=== Exercise prompt ===
Please reproduce the listing verbatim, without its images.

=== Information supplied ===
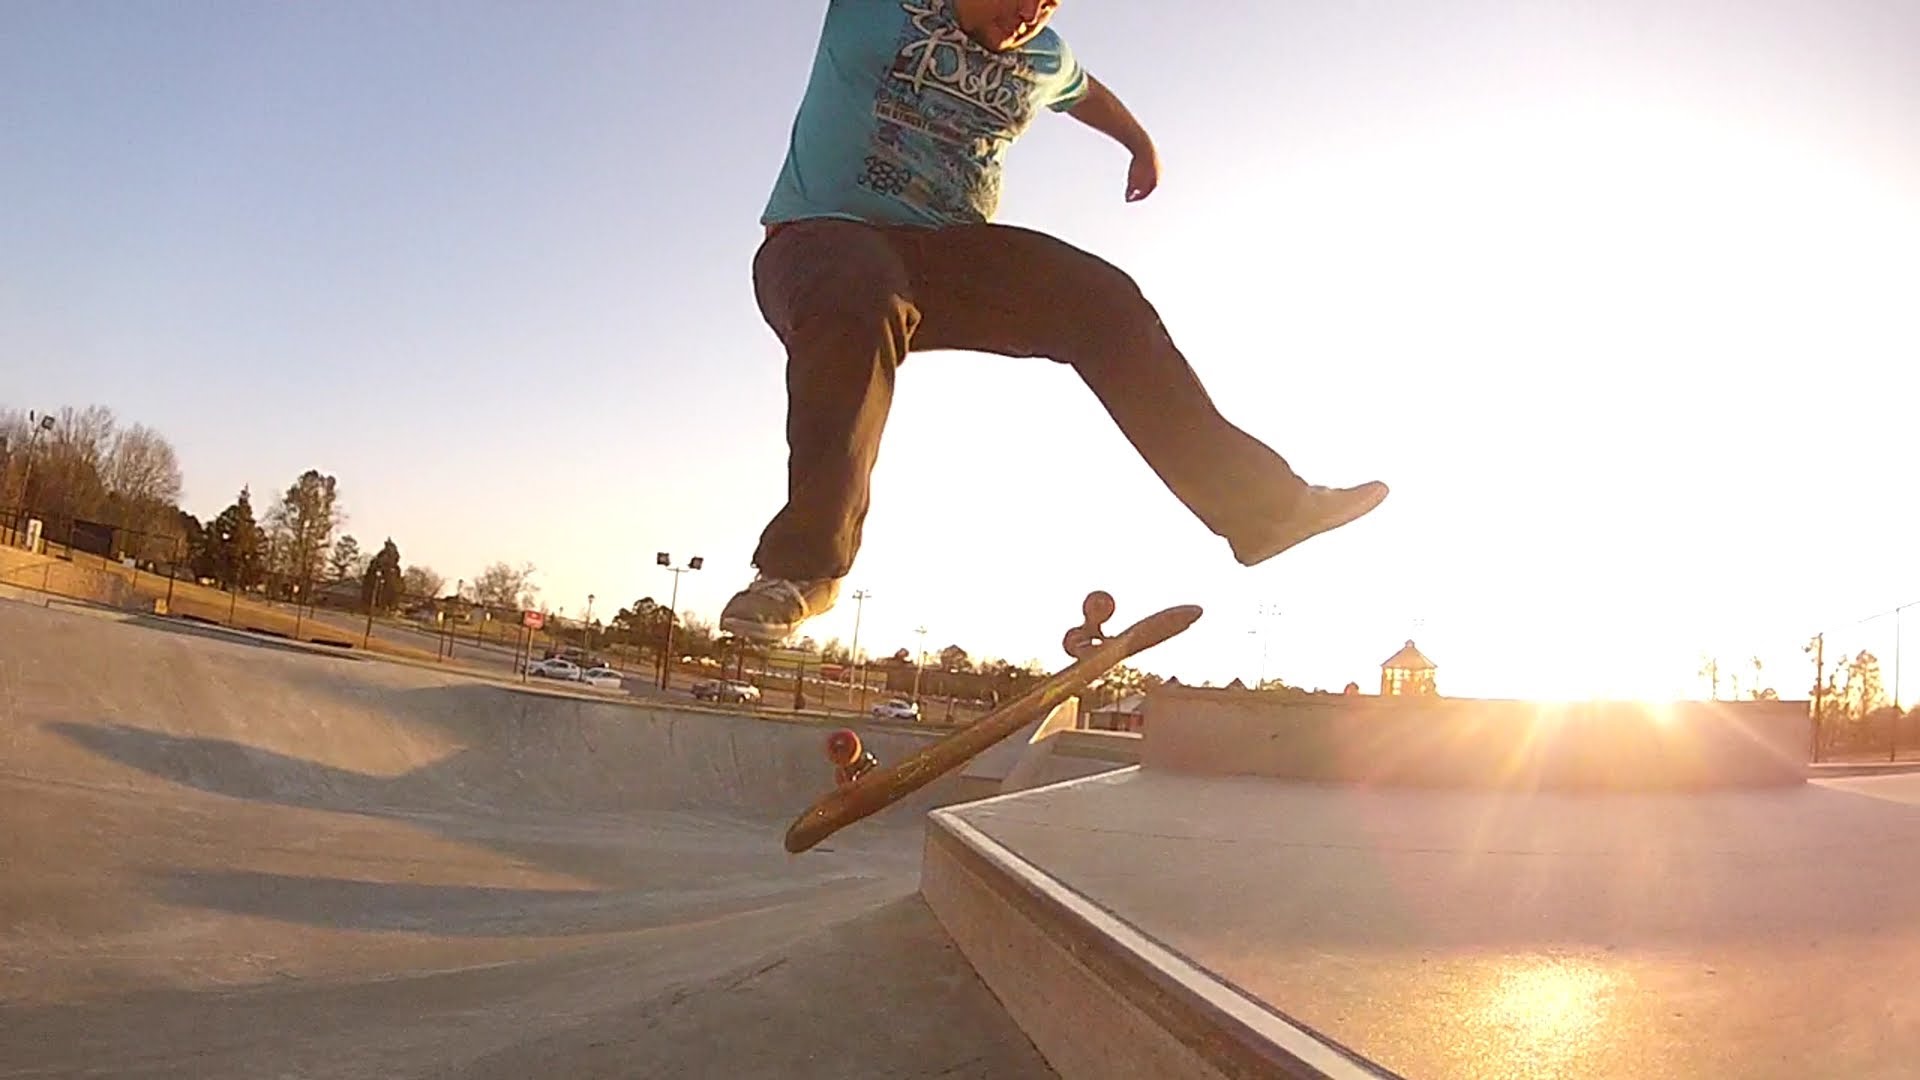 330lb Fat Guy Skateboarding 360-Flip, Grinds, Tricks - YouTube
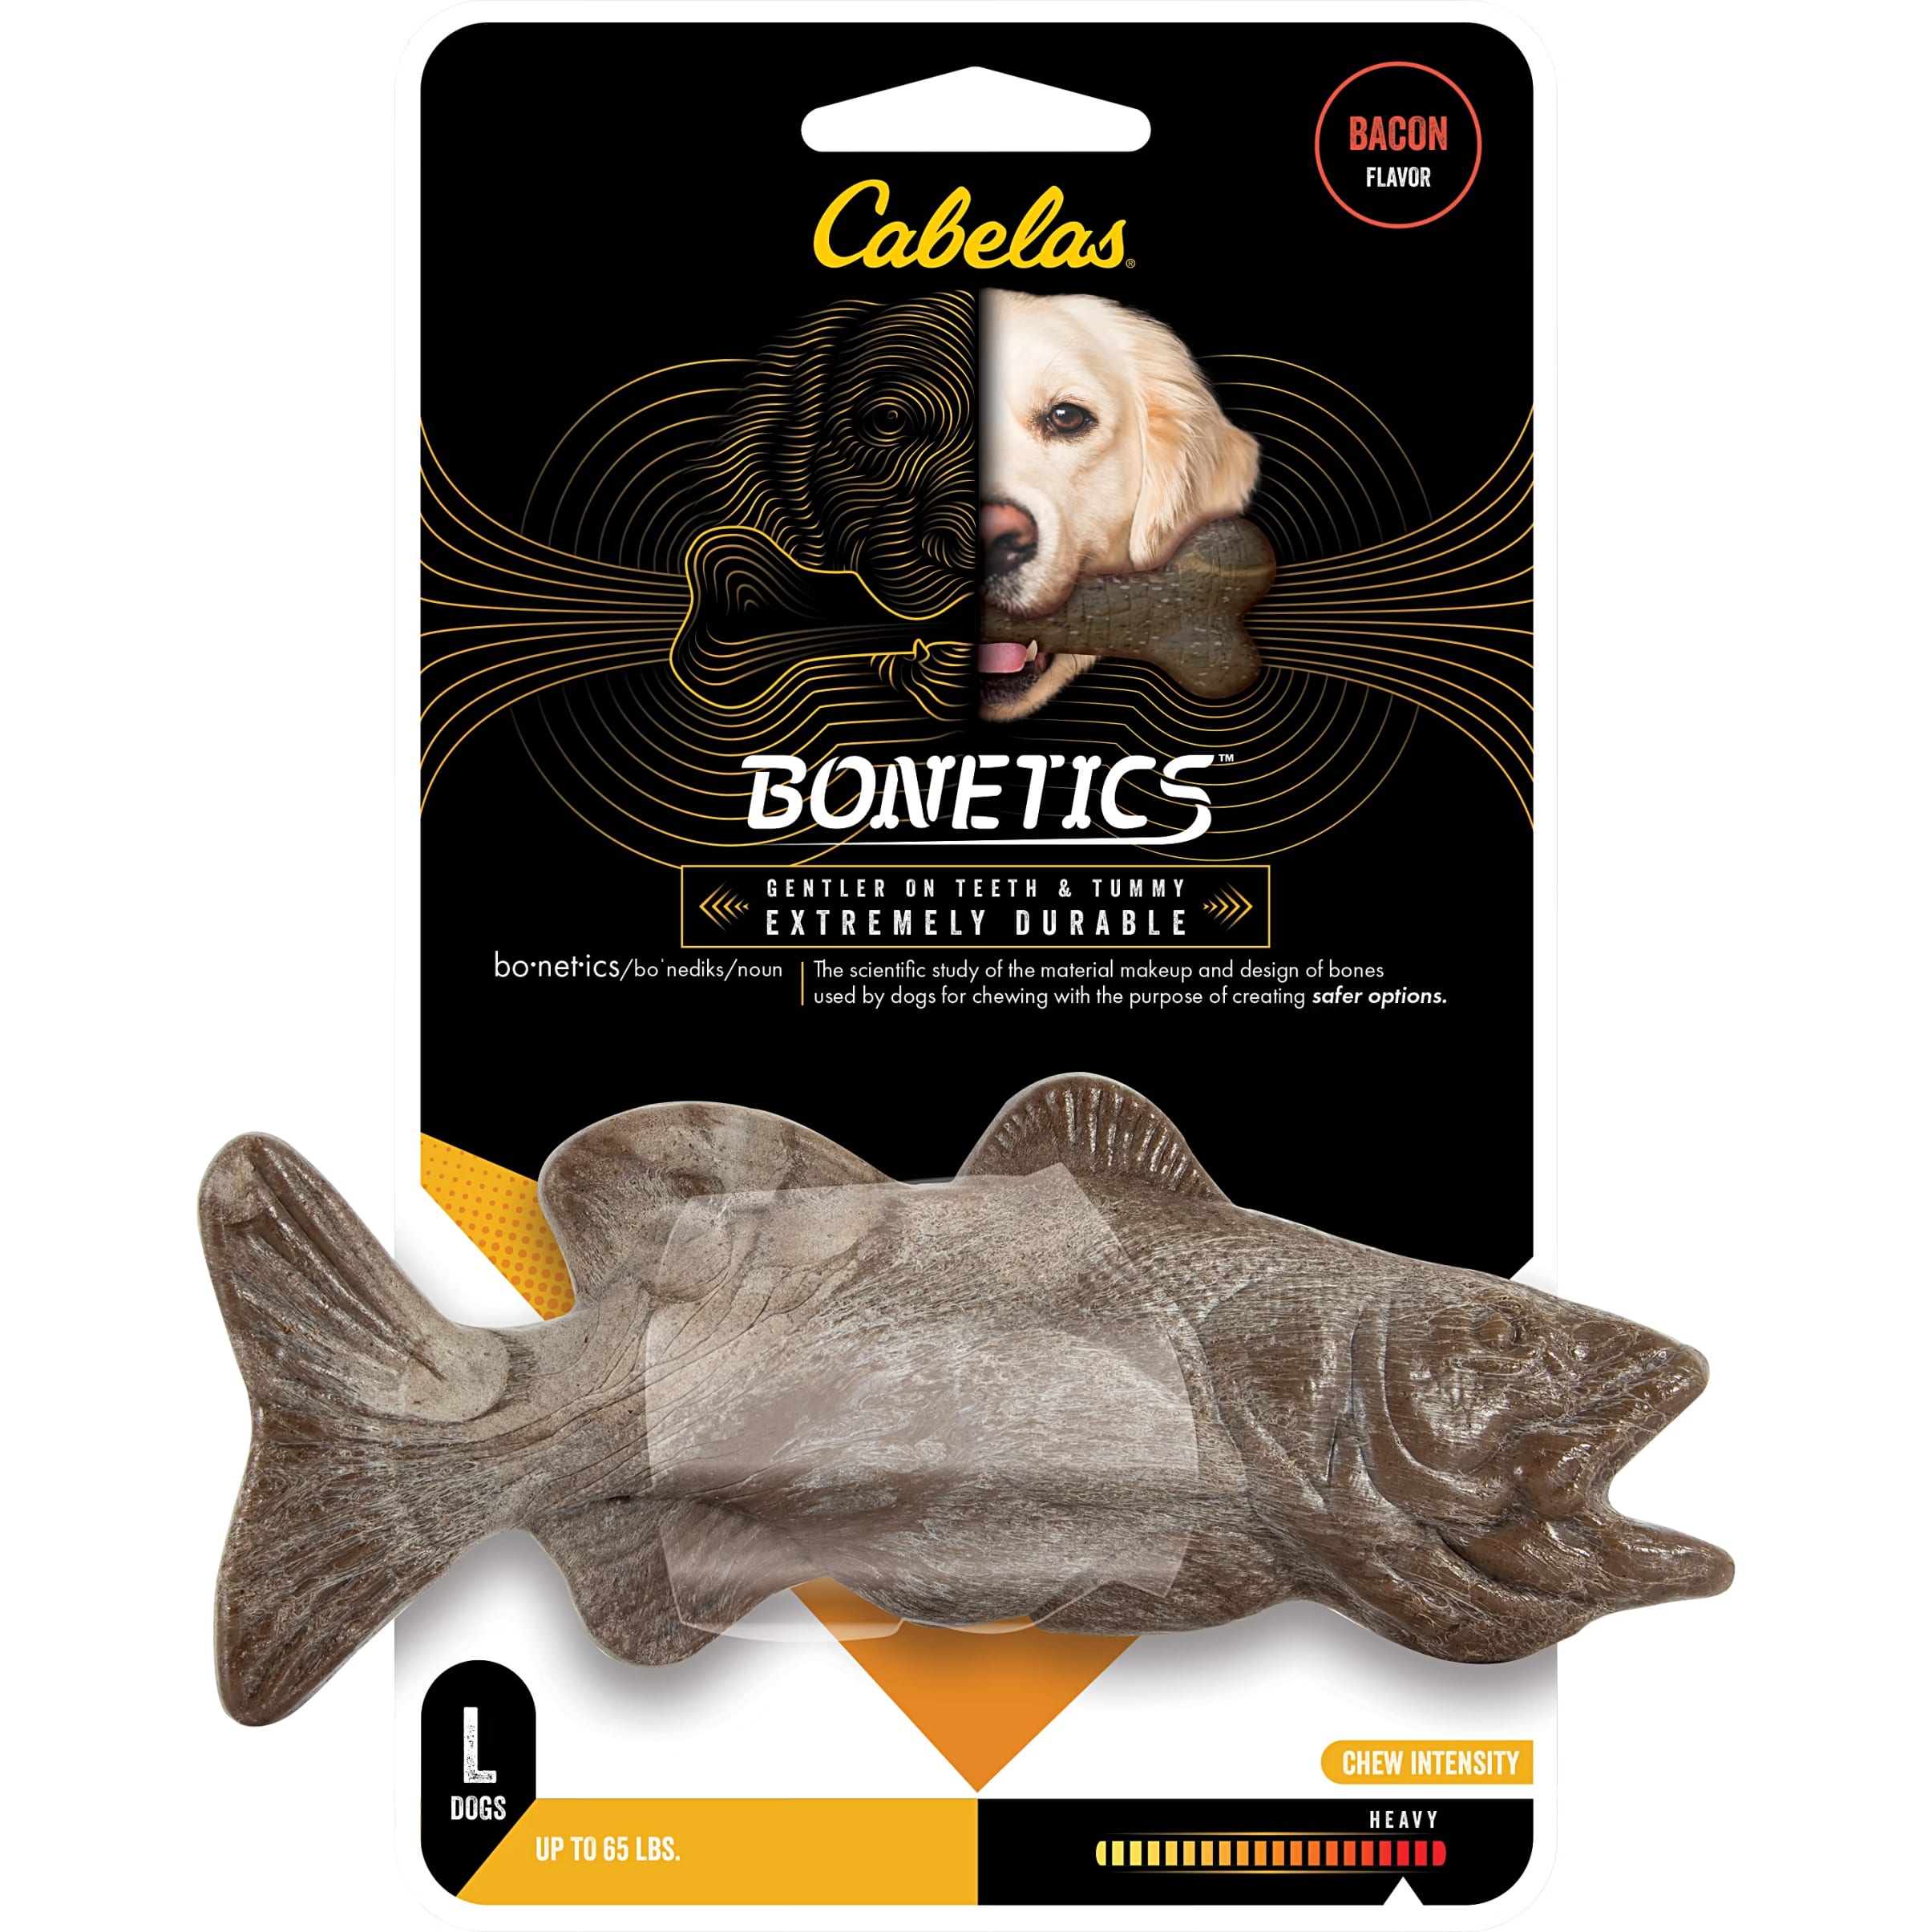 Cabela’s Bonetics® Large Bacon-Flavored Grouper Chew Toy
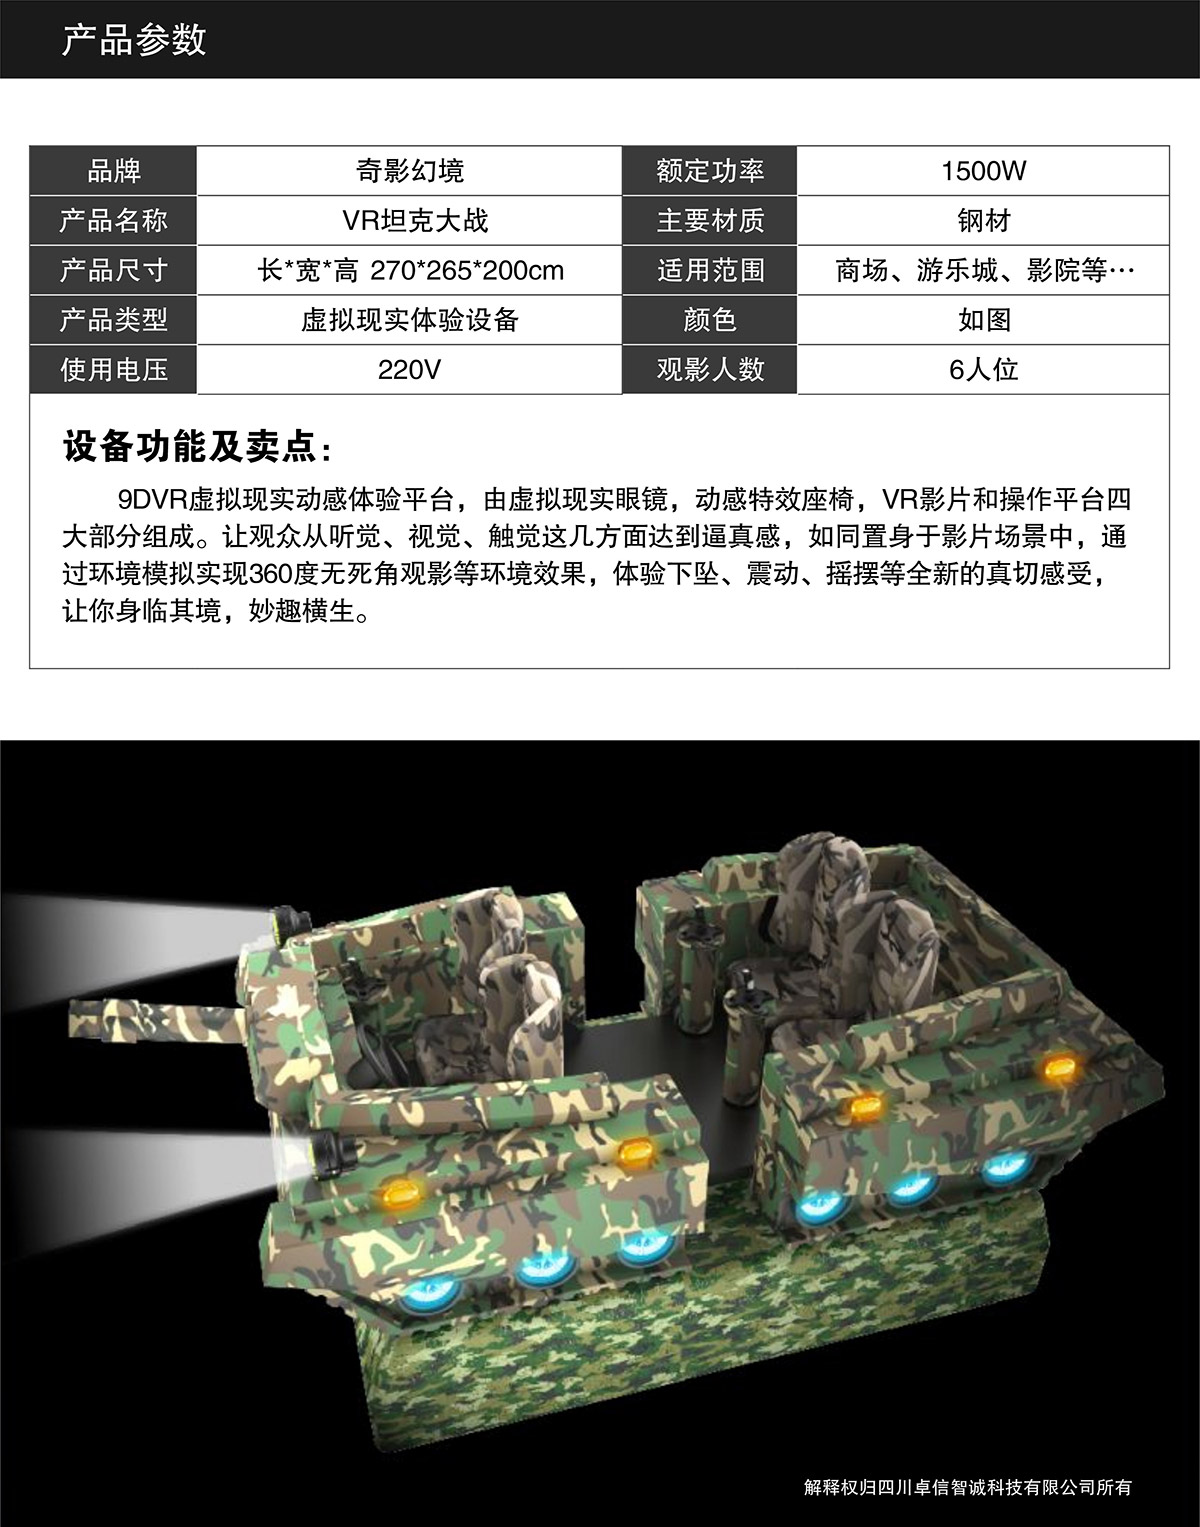 02-VR坦克大戰產品參數.jpg
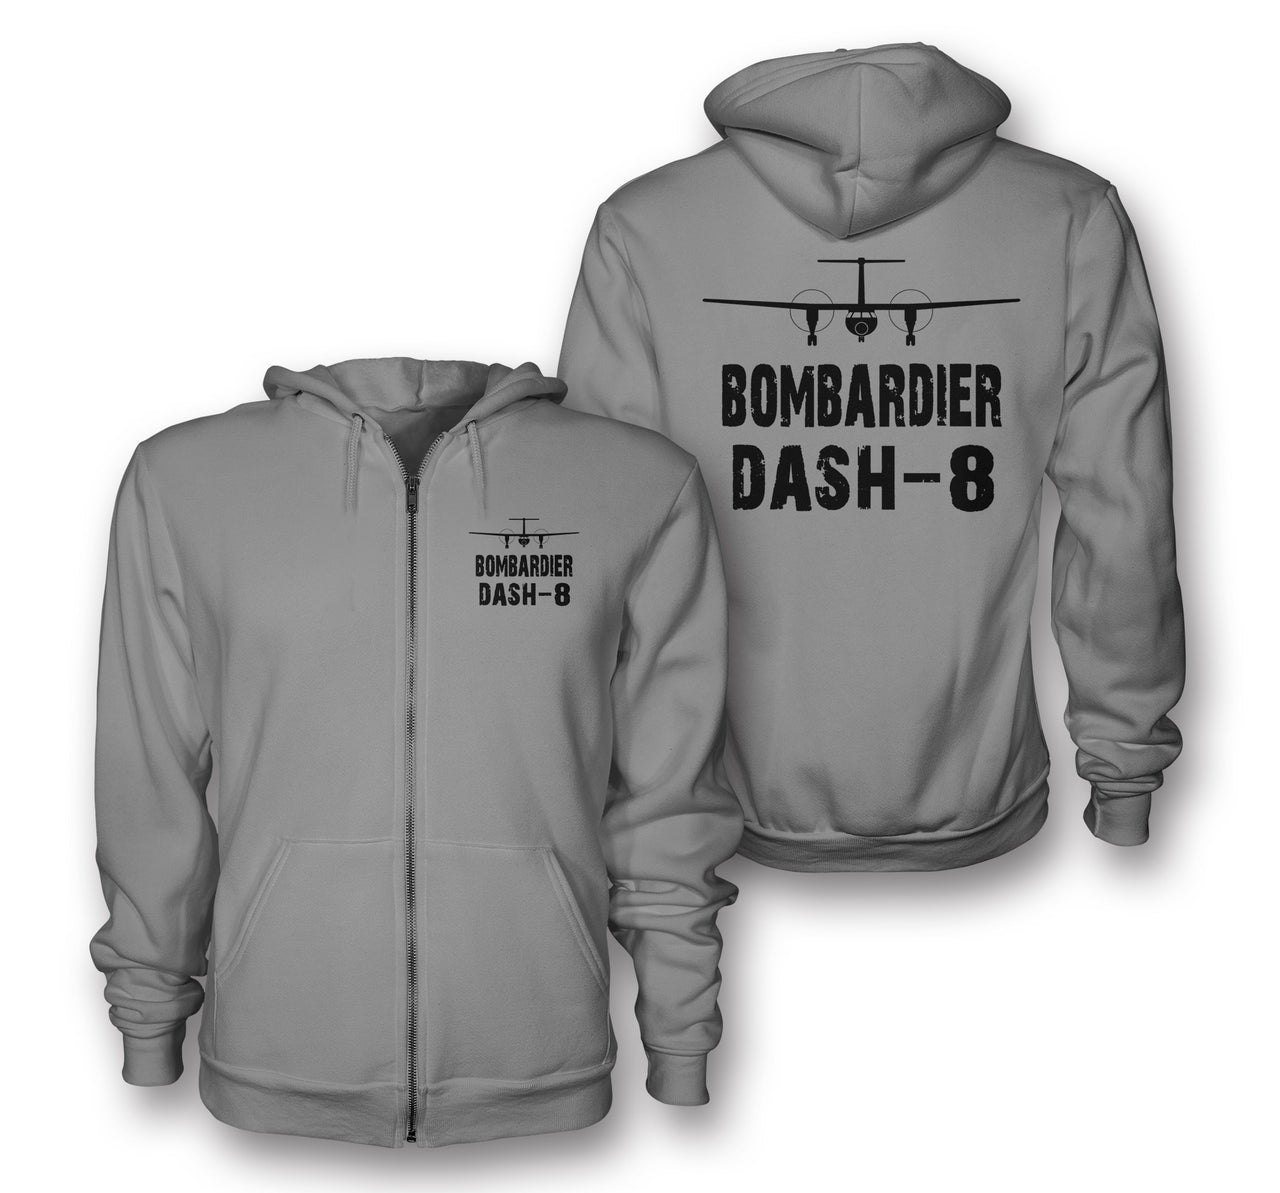 Bombardier Dash-8 & Plane Designed Zipped Hoodies

=== Written reply ===
 330lb Fat Guy Skateboarding 360-Flip, Grinds, Tricks - YouTube
 Cabela’s Bonetics® Large Bacon-Flavored Grouper Chew Toy
 02-VR坦克大戰產品參數.jpg
 Bombardier Dash-8 & Plane Designed Zipped Hoodies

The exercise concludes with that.